With $1.6 million in total in donations, Allen is now the third largest contributor to the Yes on 1240 campaign, behind Gates and Walmart heiress Alice Walton.
The second-largest contribution to the pro-charter group in the past week was $100,000 from Kemper Holdings, owned by Bellevue developer Kemper Freeman.
The total for the pro-charter campaign has now reached $10.8 million.
The anti-charter side has yet to hit $1 million. The bigger of the two anti-charter groups, People for Our Public Schools, has now raised $668,000. Recent large contributions included $10,000 from the Washington state chapter of the American Federation of Teachers, and $5,000 from SEIU Local 925.
The other group, called No on 1240, has raised $20,000.
October 9, 2012 at 5:03 PM
The campaign to bring charter schools to Washington state received two big donations last week — $2 million from Bill Gates and $1.1 million from Alice Walton, daughter of Wal-Mart founder Sam Walton.

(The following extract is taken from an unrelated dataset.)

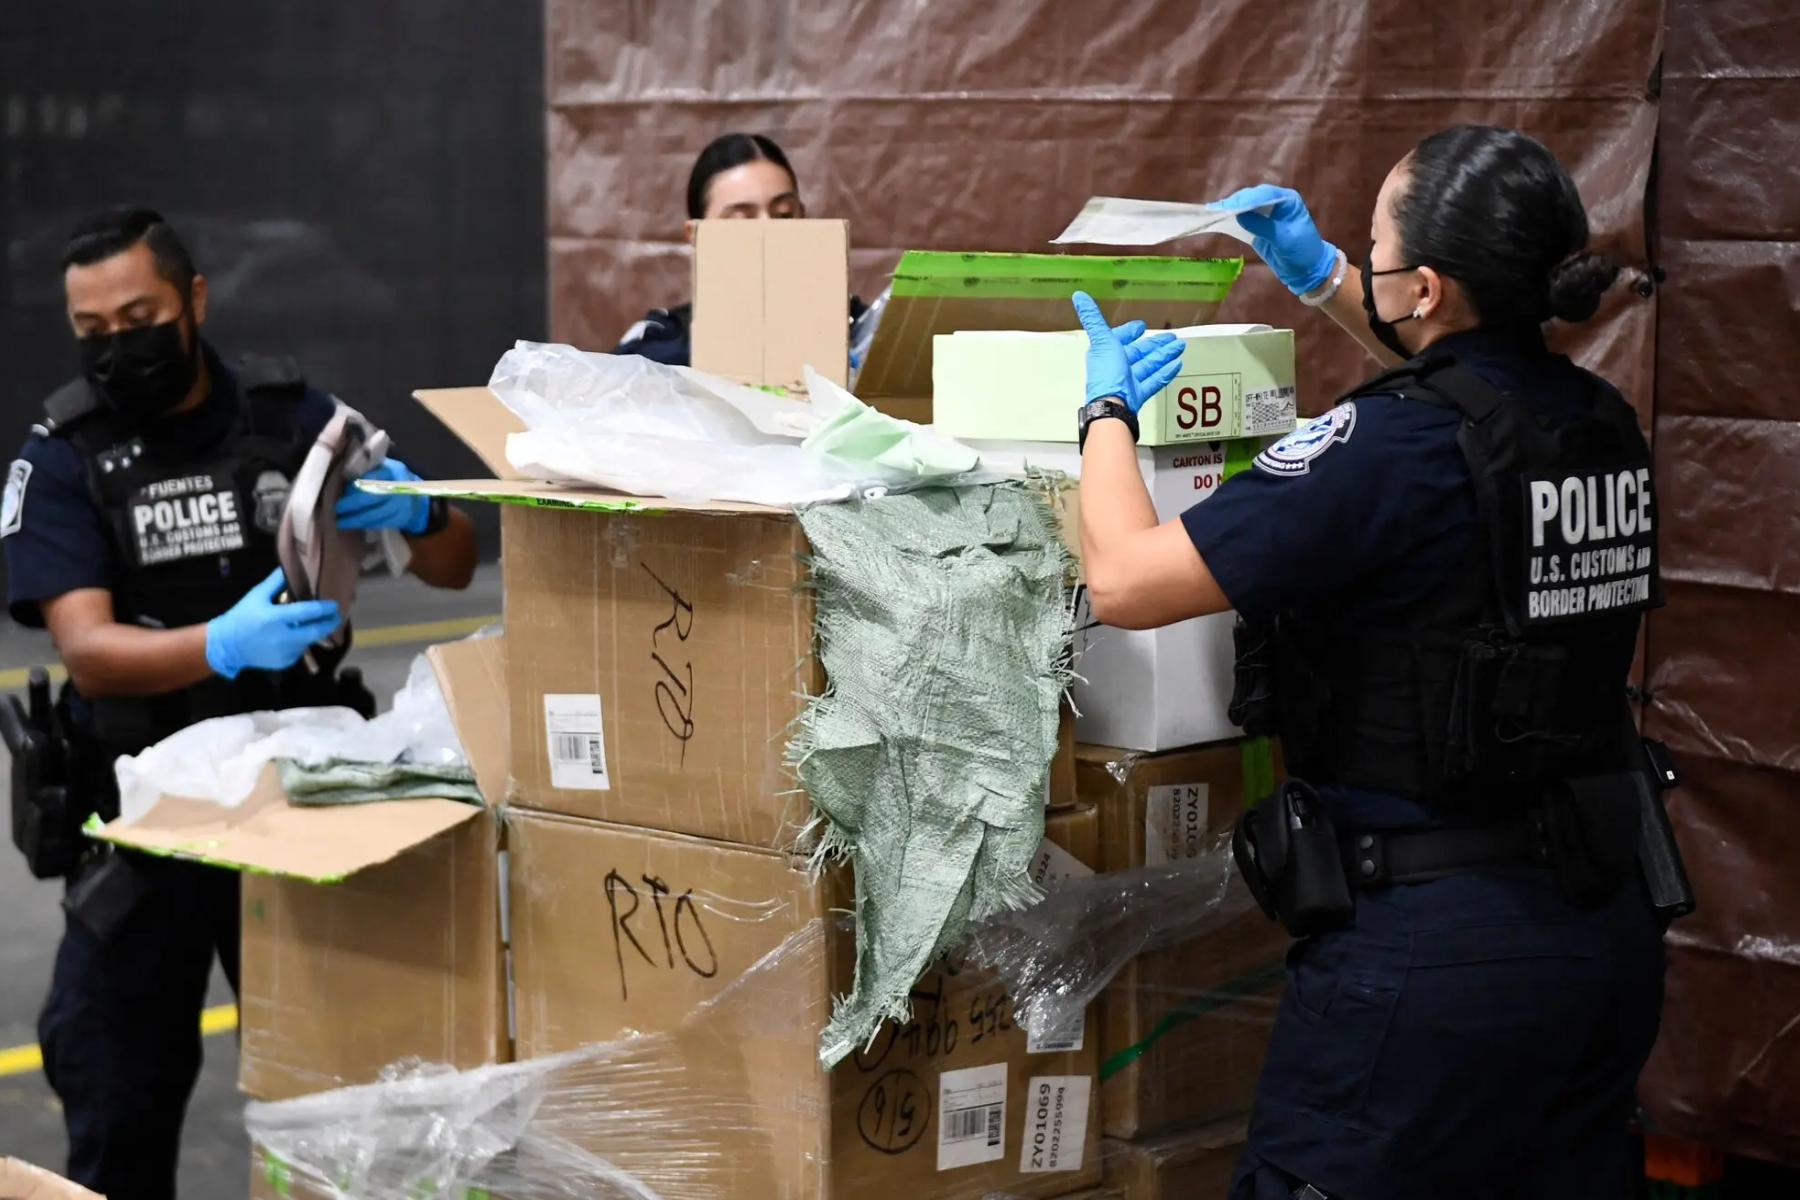 Officers from the United States Customs and Border Protection demonstrate a physical inspection of confiscated goods in Los Angeles
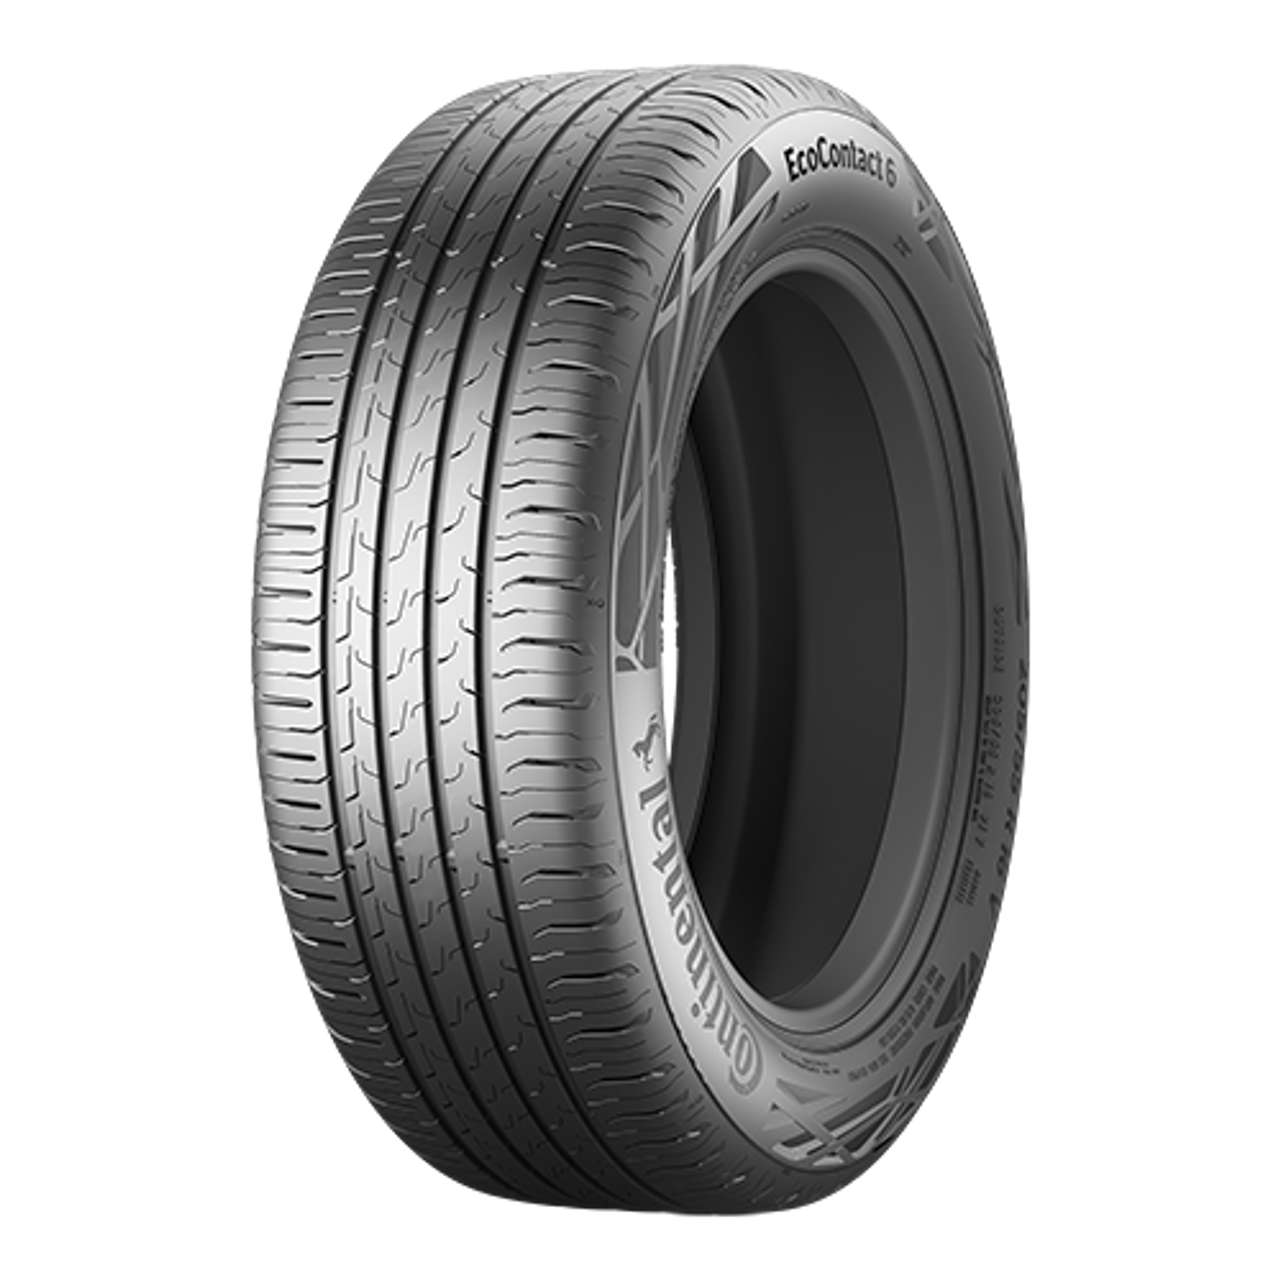 CONTINENTAL ECOCONTACT 6 (*) (EVc) 205/55R16 91W BSW

Another $500,000 came from two New York residents, one of whom is the managing director of De Shaw and Co., a global investment and technology development firm based in Manhattan.
The group in favor of Initiative 1240 has now raised $8.3 million, dwarfing the contributions to the two opposition groups, which together have raised $277,000. More than half of that amount came from the state’s largest teachers union, the Washington Education Association.
Charter schools are independently run public schools that are given the flexibility to innovate, but are supposed to face increased accountability as well. More than 6,000 charters exist in 41 states.
In November, Washington voters will be asked for the fourth time whether to allow them to come here.